- _What you need to do_: Repeat all of the data word for word so that only the pictures are missing from the copy.

- _Available data_:
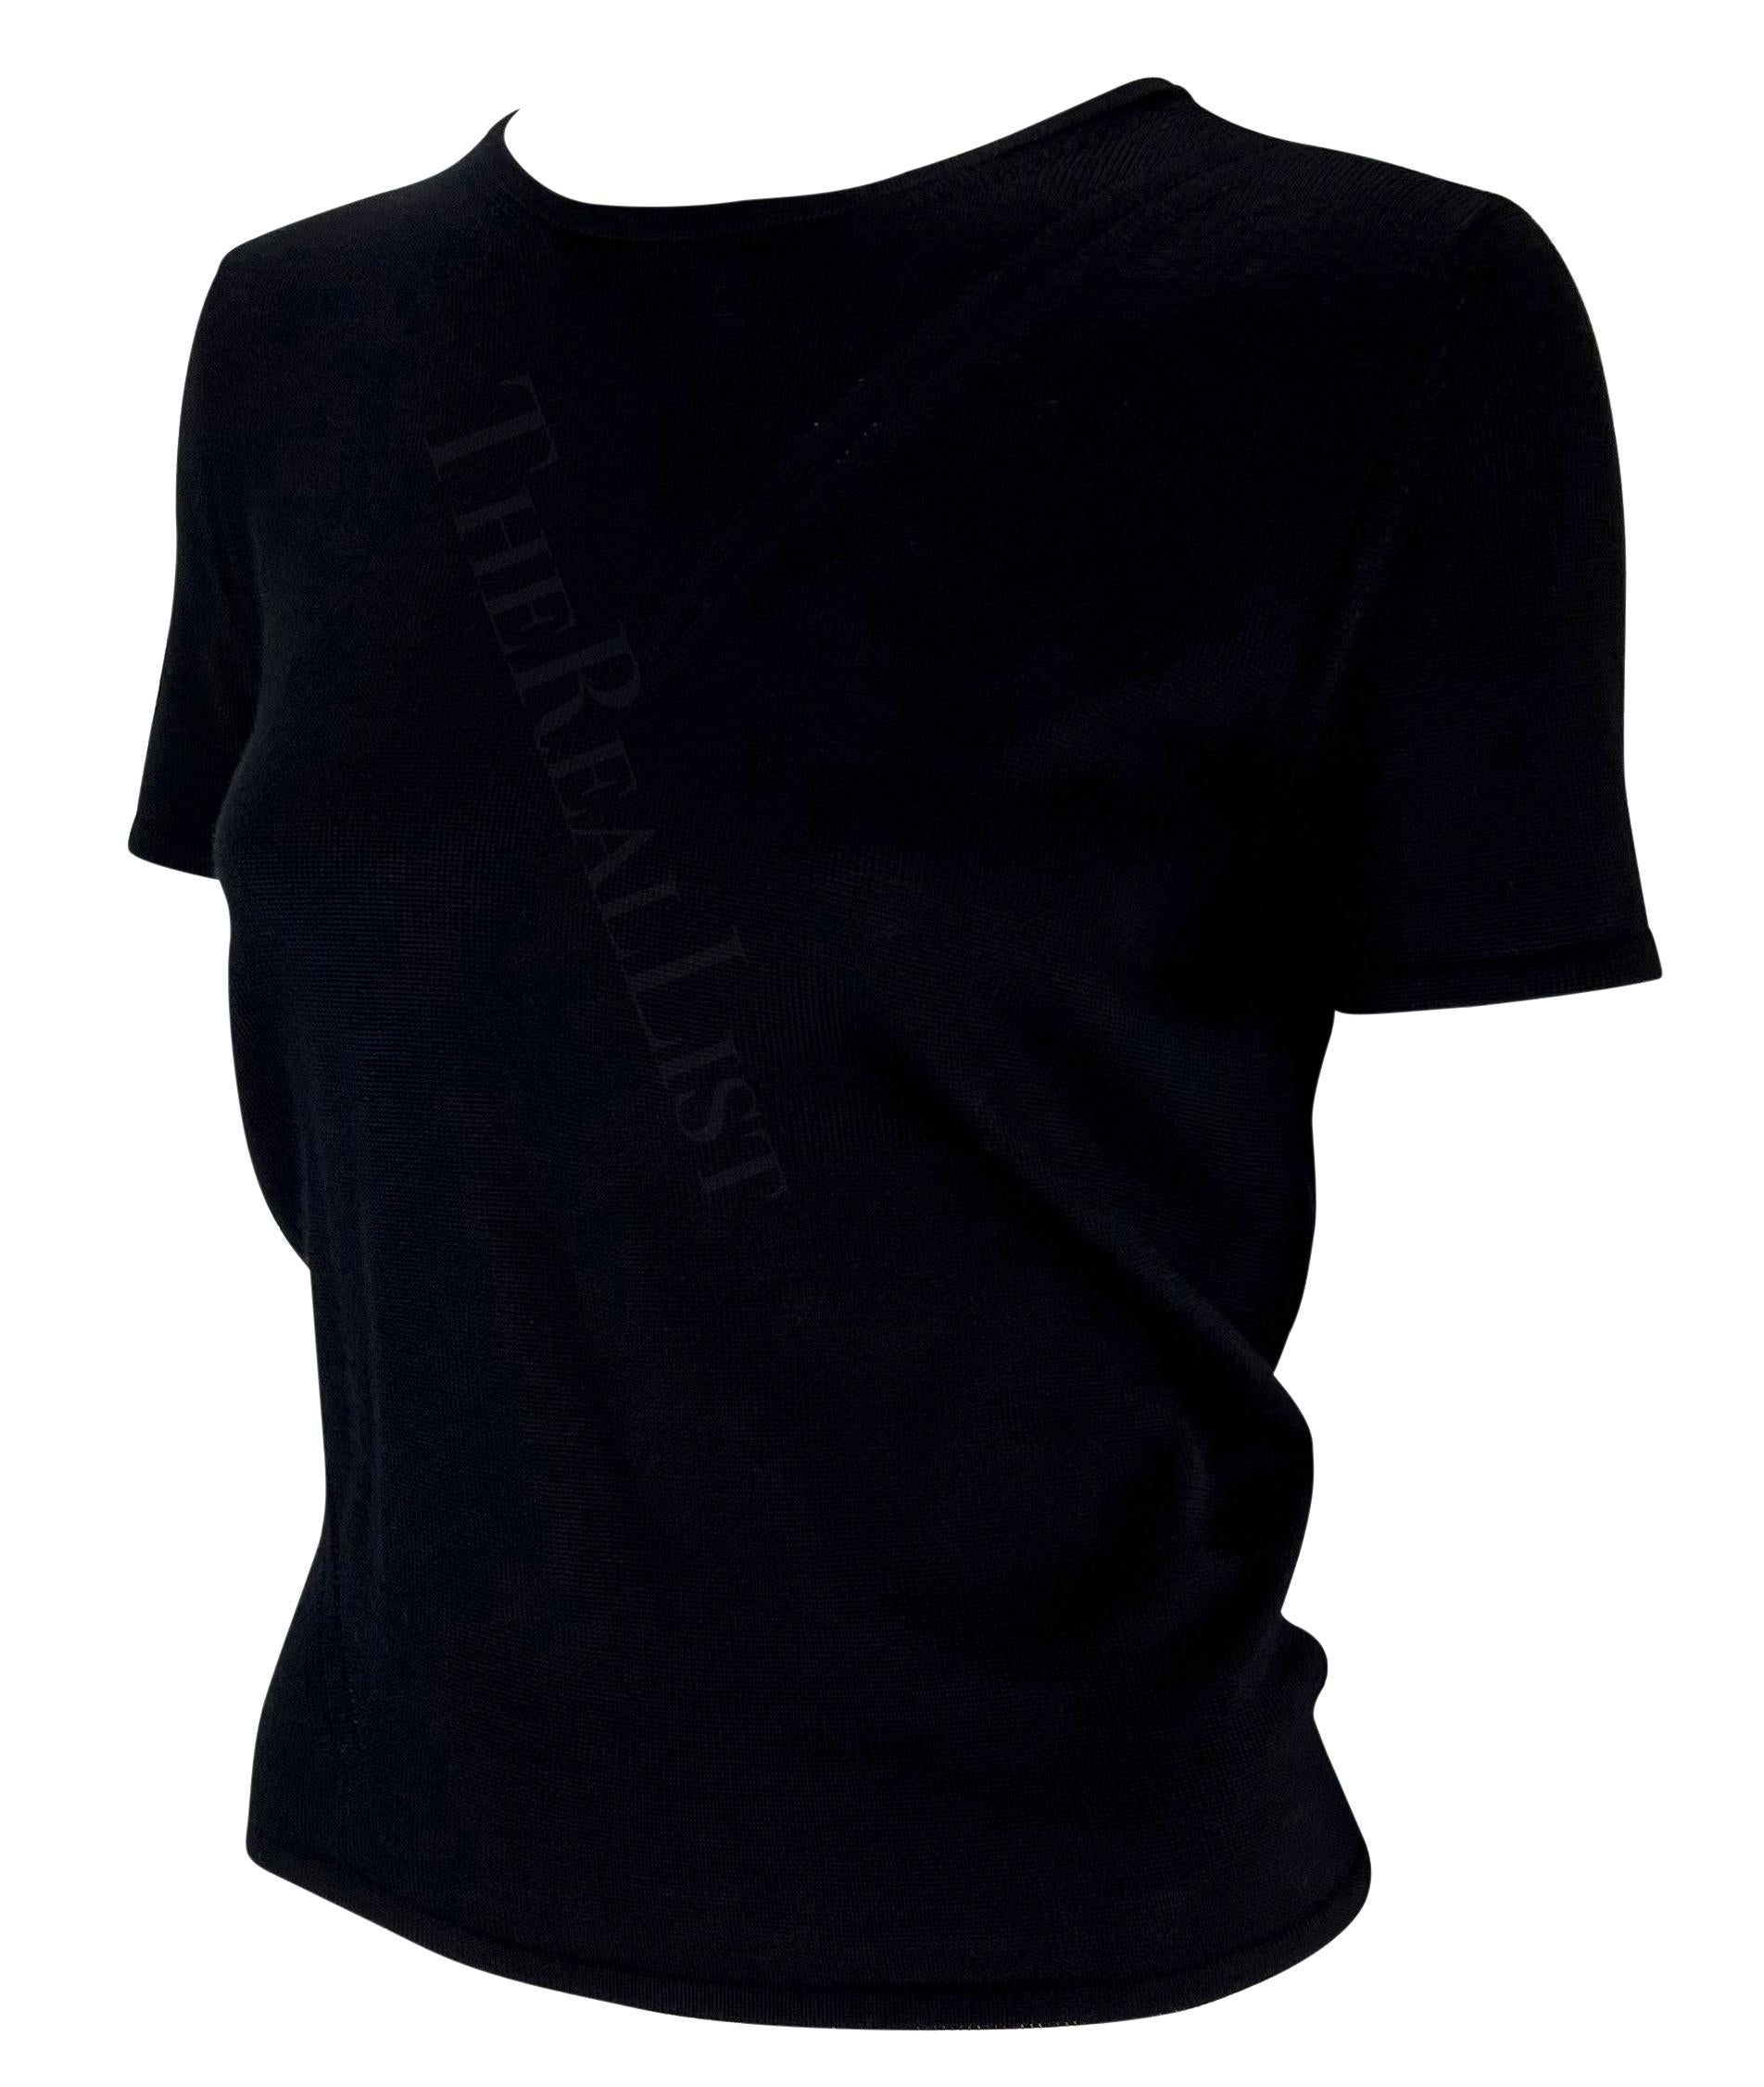 S/S 1997 Gucci by Tom Ford Open Back Black Stretch Knit Short-Sleeve Top en vente 1
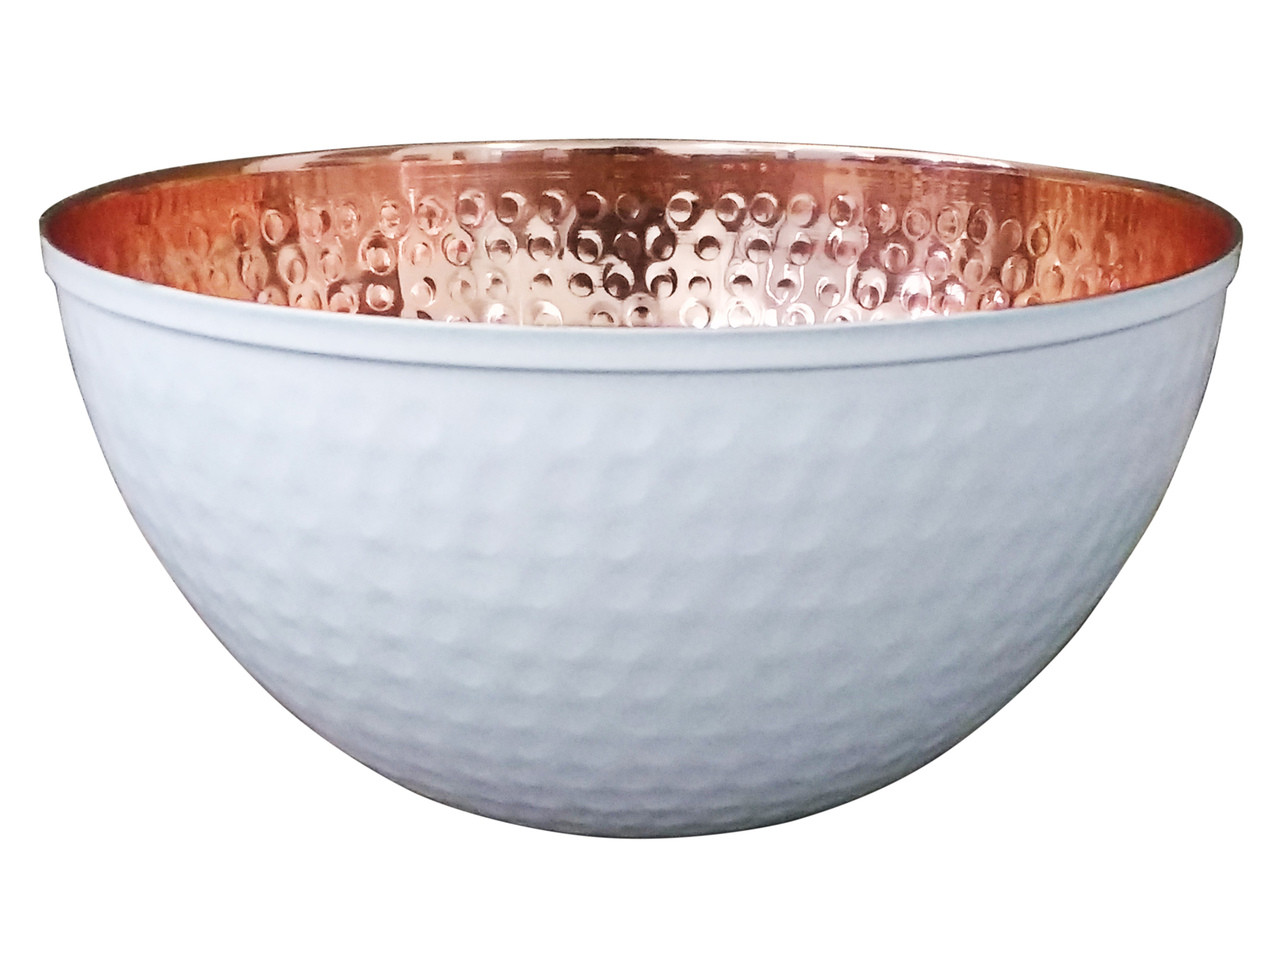 Copper and White Mixing Bowl - Alchemade
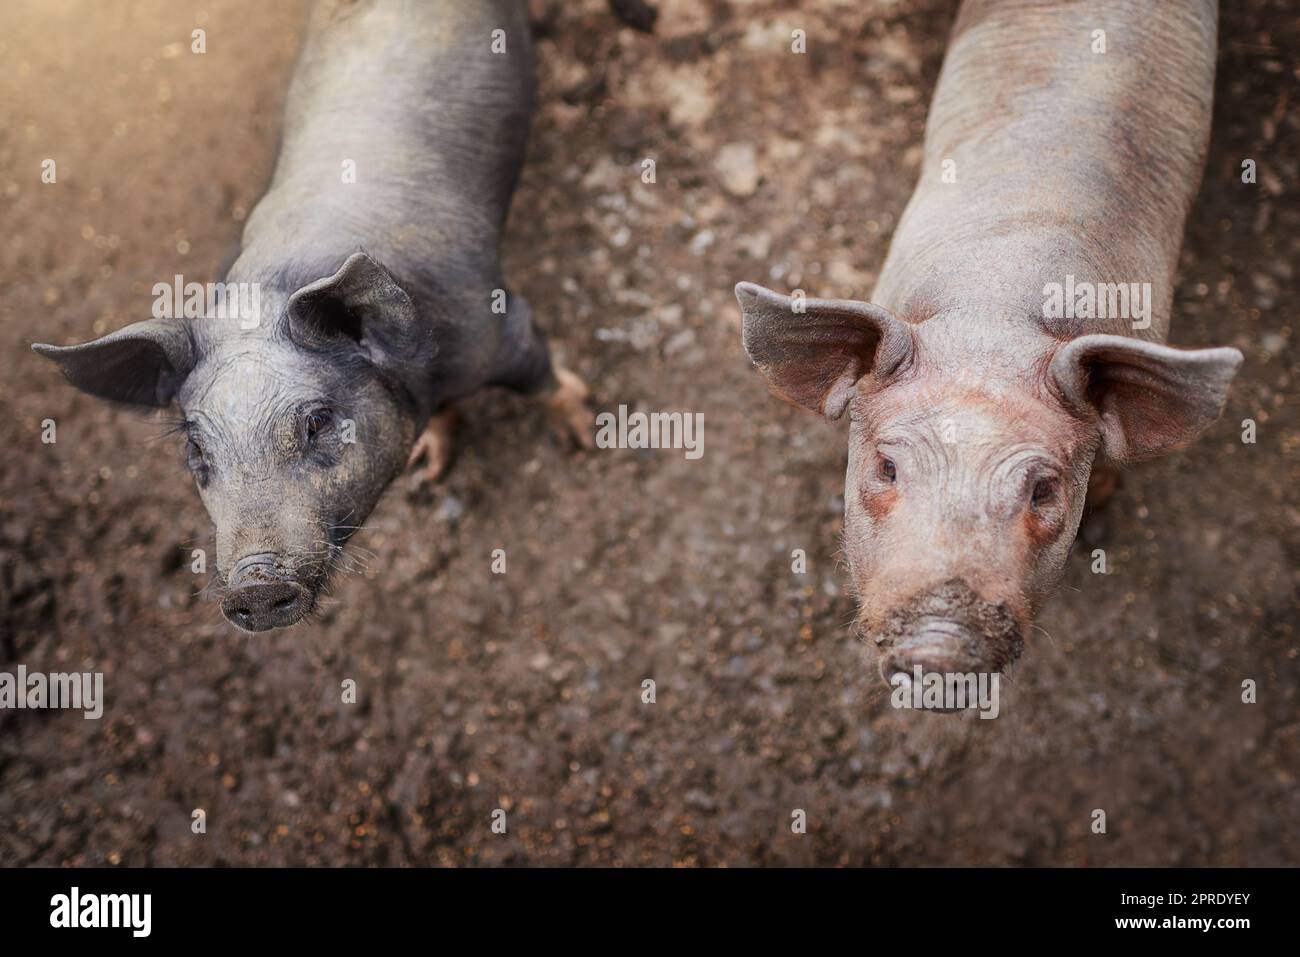 Were well taken care of on this farm. High angle shot of two pigs standing in their pen on a farm. Stock Photo
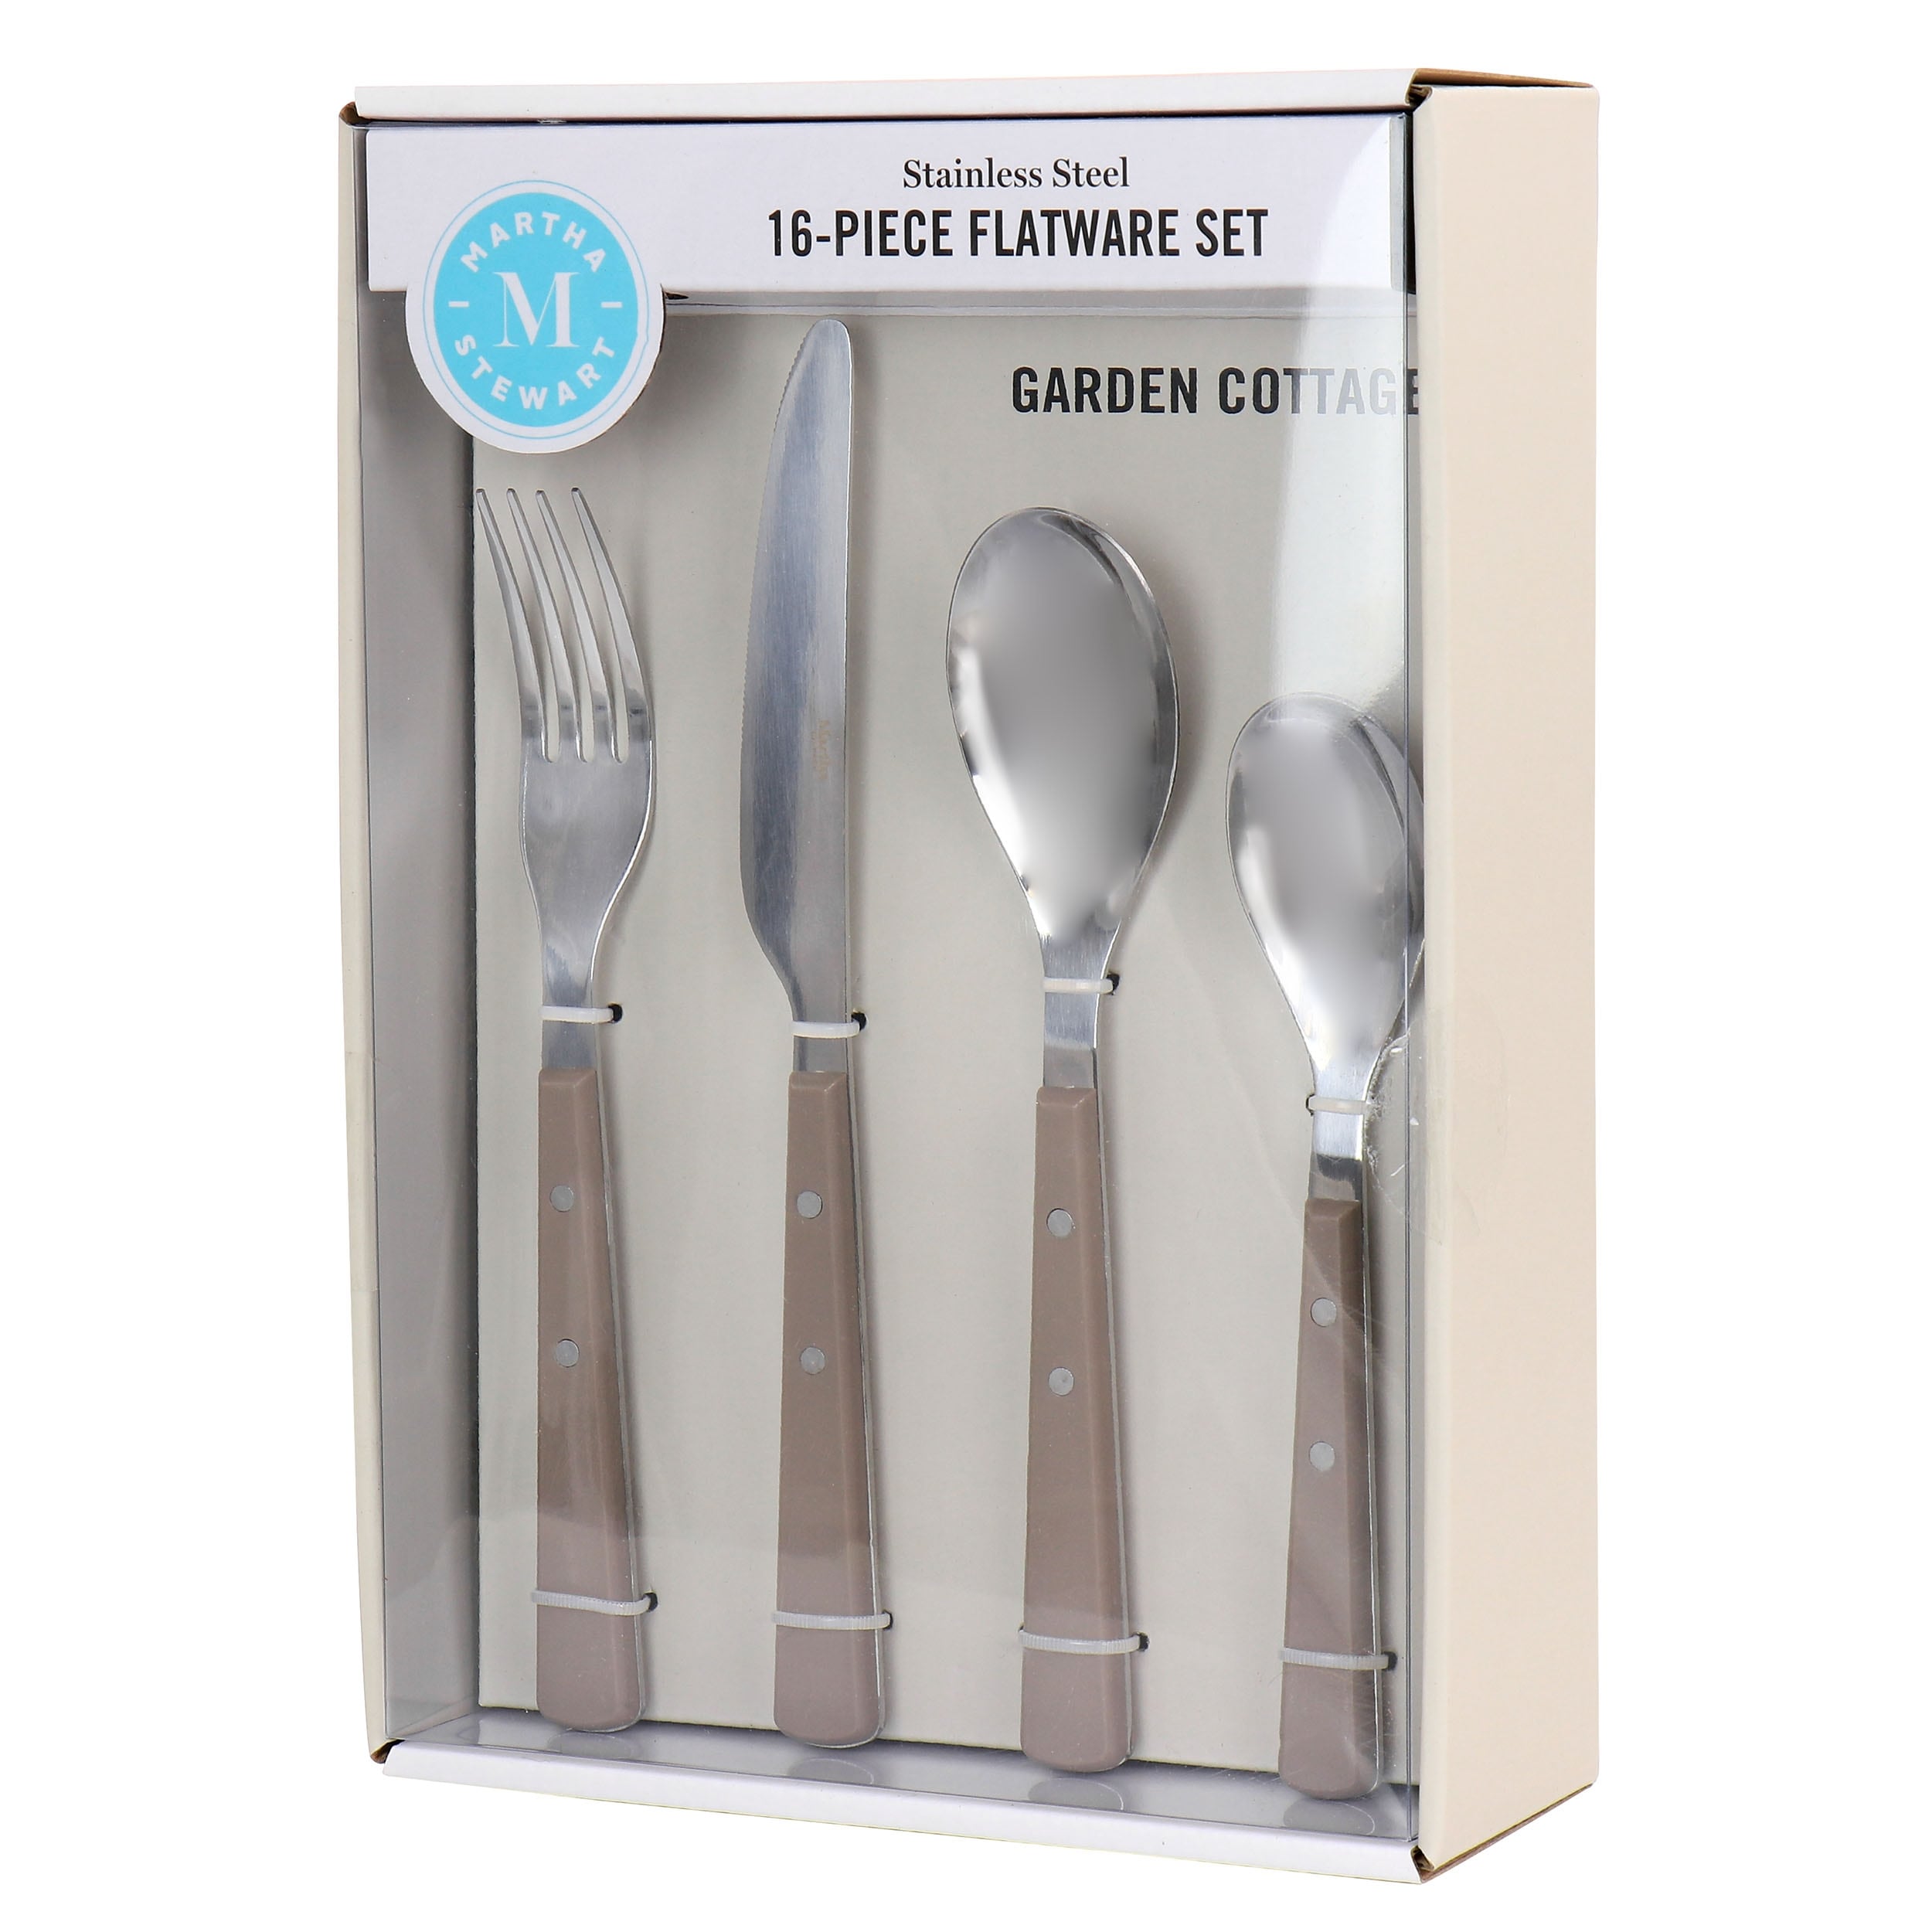 https://ak1.ostkcdn.com/images/products/is/images/direct/75450b18e9bb0daa54c21930e8ebe26130b0aa43/Martha-Stewart-Garden-Cottage-16pc-Stainless-Steel-Flatware-Set--Taupe.jpg

- _Completed exercise_:
 S/S 1997 Gucci by Tom Ford Open Back Black Stretch Knit Short-Sleeve Top en vente 1
 Copper and White Mixing Bowl - Alchemade
 Were well taken care of on this farm. High angle shot of two pigs standing in their pen on a farm. Stock Photo
 https://ak1.ostkcdn.com/images/products/is/images/direct/75450b18e9bb0daa54c21930e8ebe26130b0aa43/Martha-Stewart-Garden-Cottage-16pc-Stainless-Steel-Flatware-Set--Taupe.jpg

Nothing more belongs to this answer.